• EXERCISE PROMPT: Here the job is to transcribe only the lines from the one containing "Weser Report Mitte vom 02.06.2019 by KPS" through the last line below, exactly as written; please leave out pictures.

• DATA SEGMENT:
*-*-*

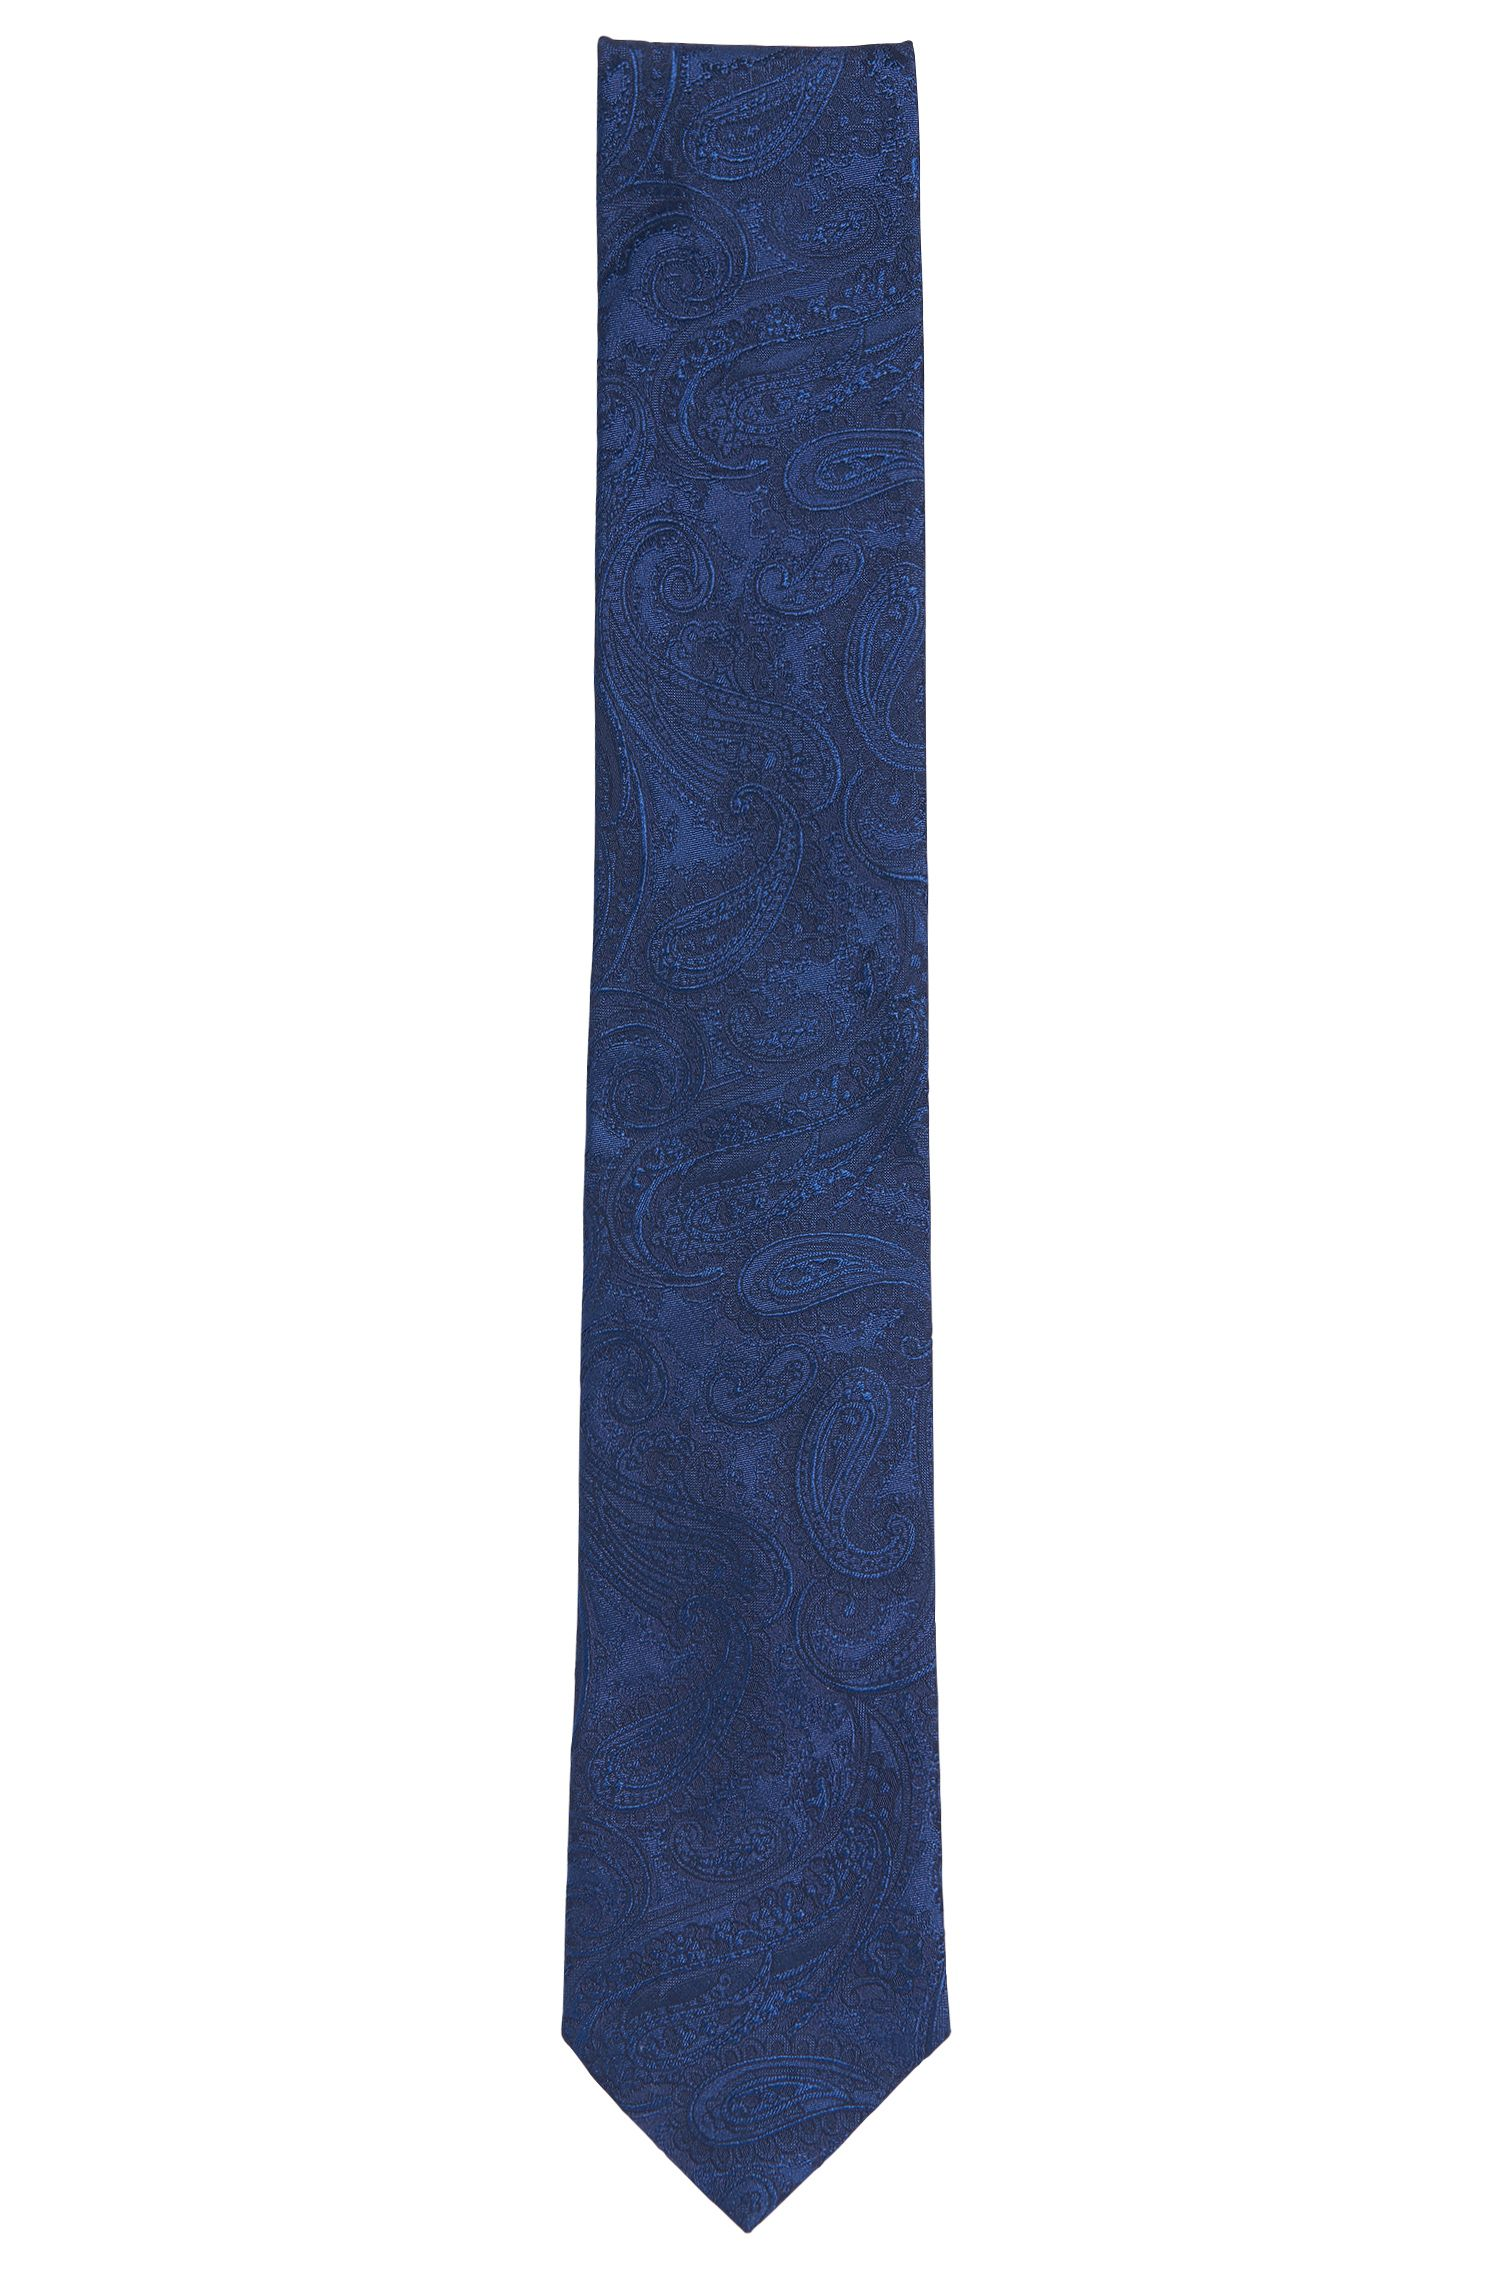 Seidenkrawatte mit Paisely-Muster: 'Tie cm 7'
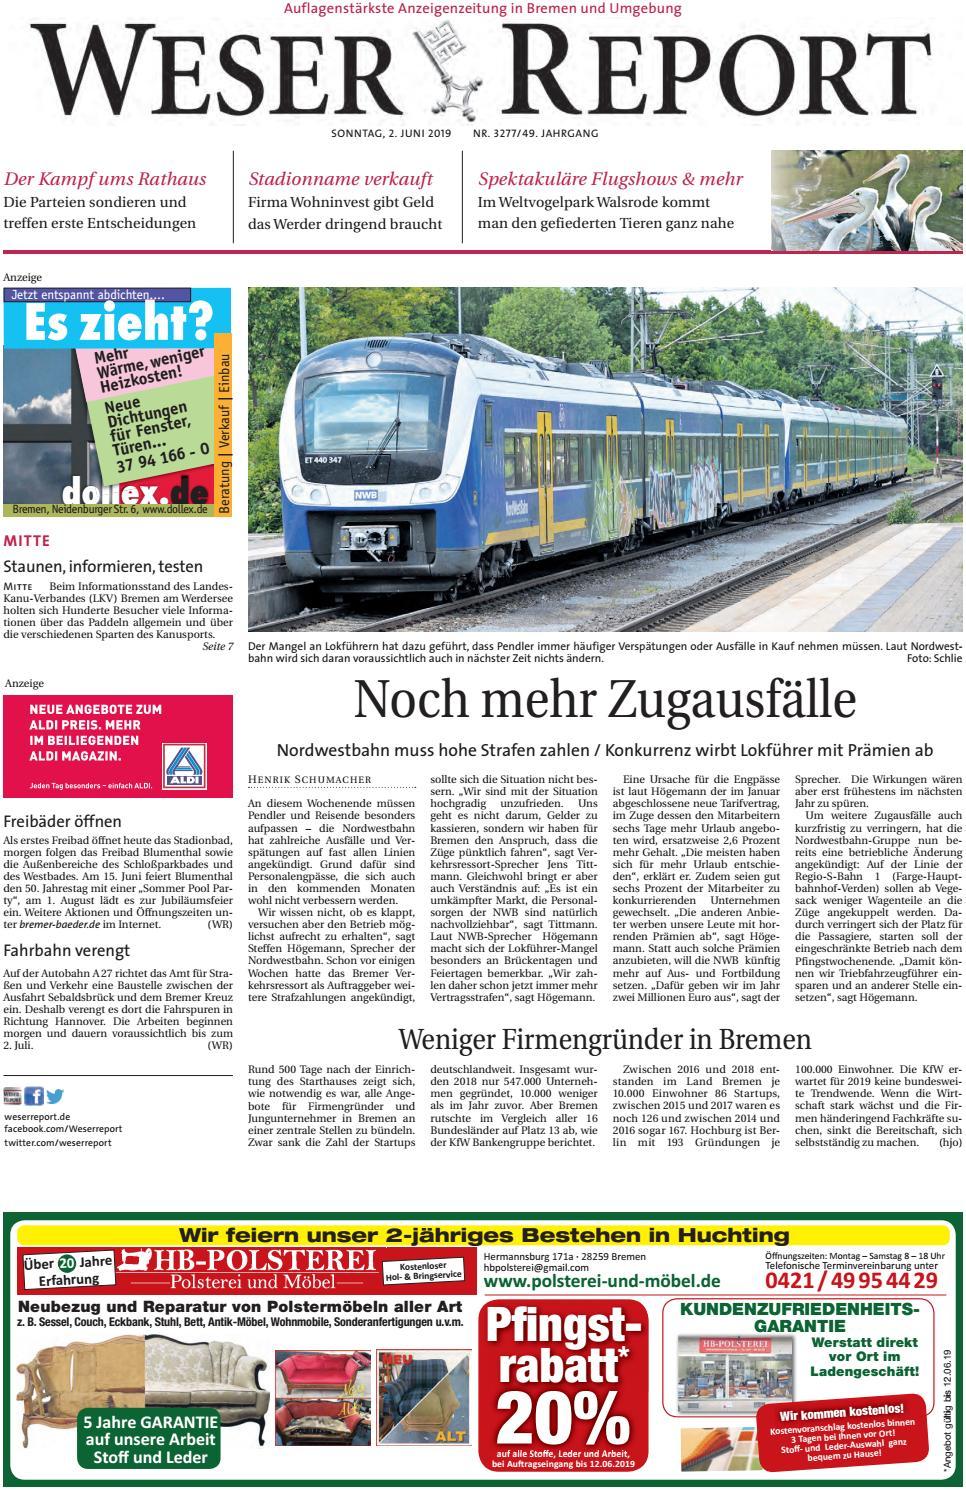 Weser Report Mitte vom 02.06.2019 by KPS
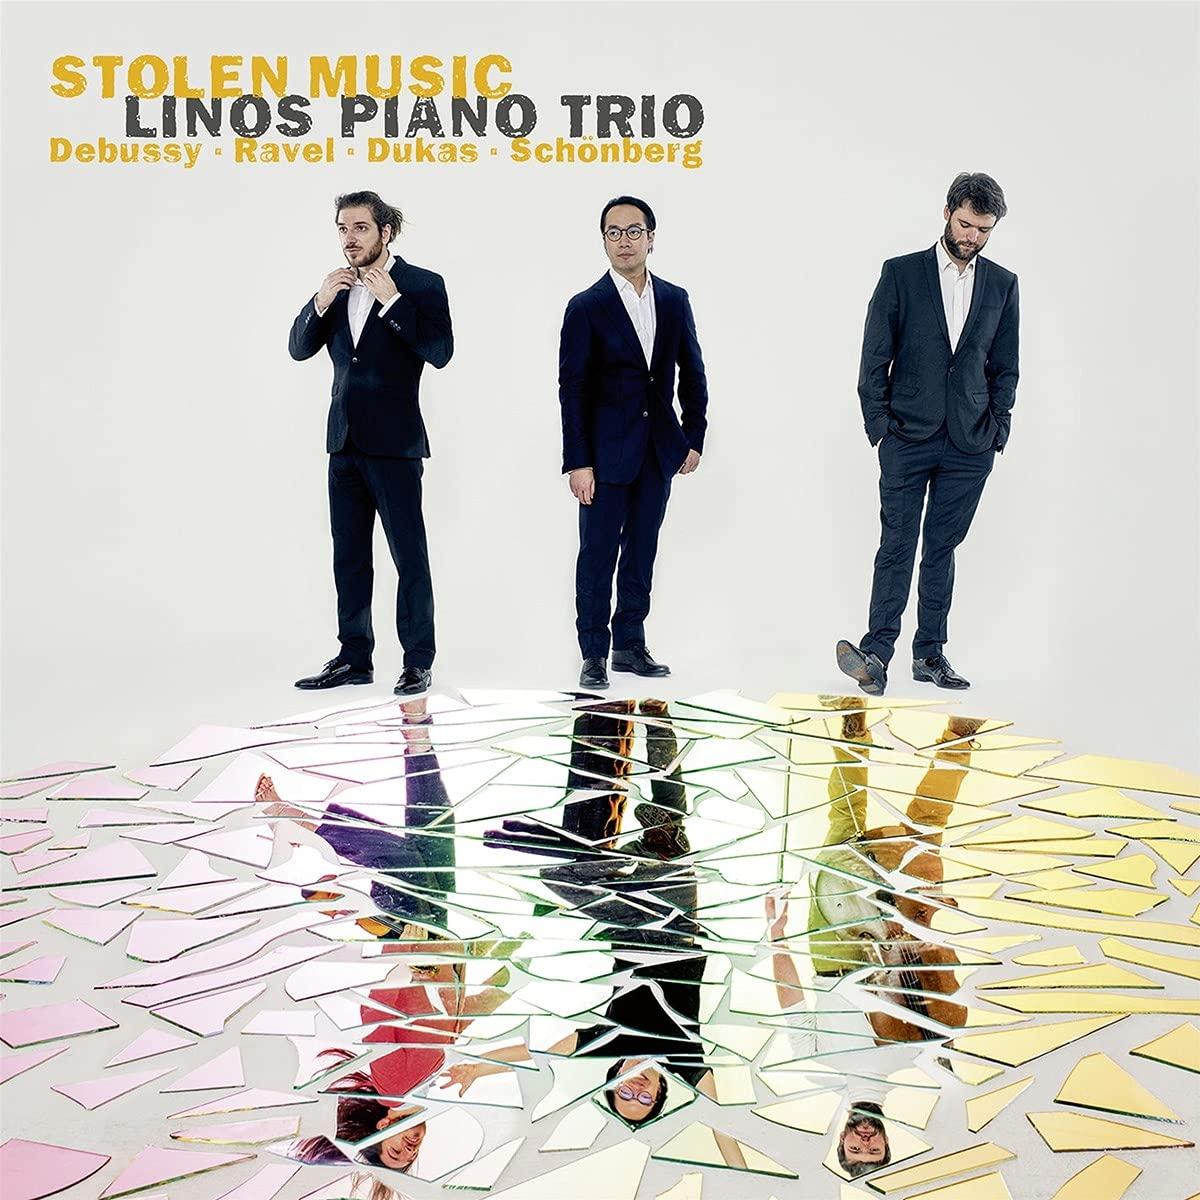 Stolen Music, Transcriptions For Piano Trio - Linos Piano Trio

*-*-*

• RESULT BELOW:
 Weser Report Mitte vom 02.06.2019 by KPS
 Stolen Music, Transcriptions For Piano Trio - Linos Piano Trio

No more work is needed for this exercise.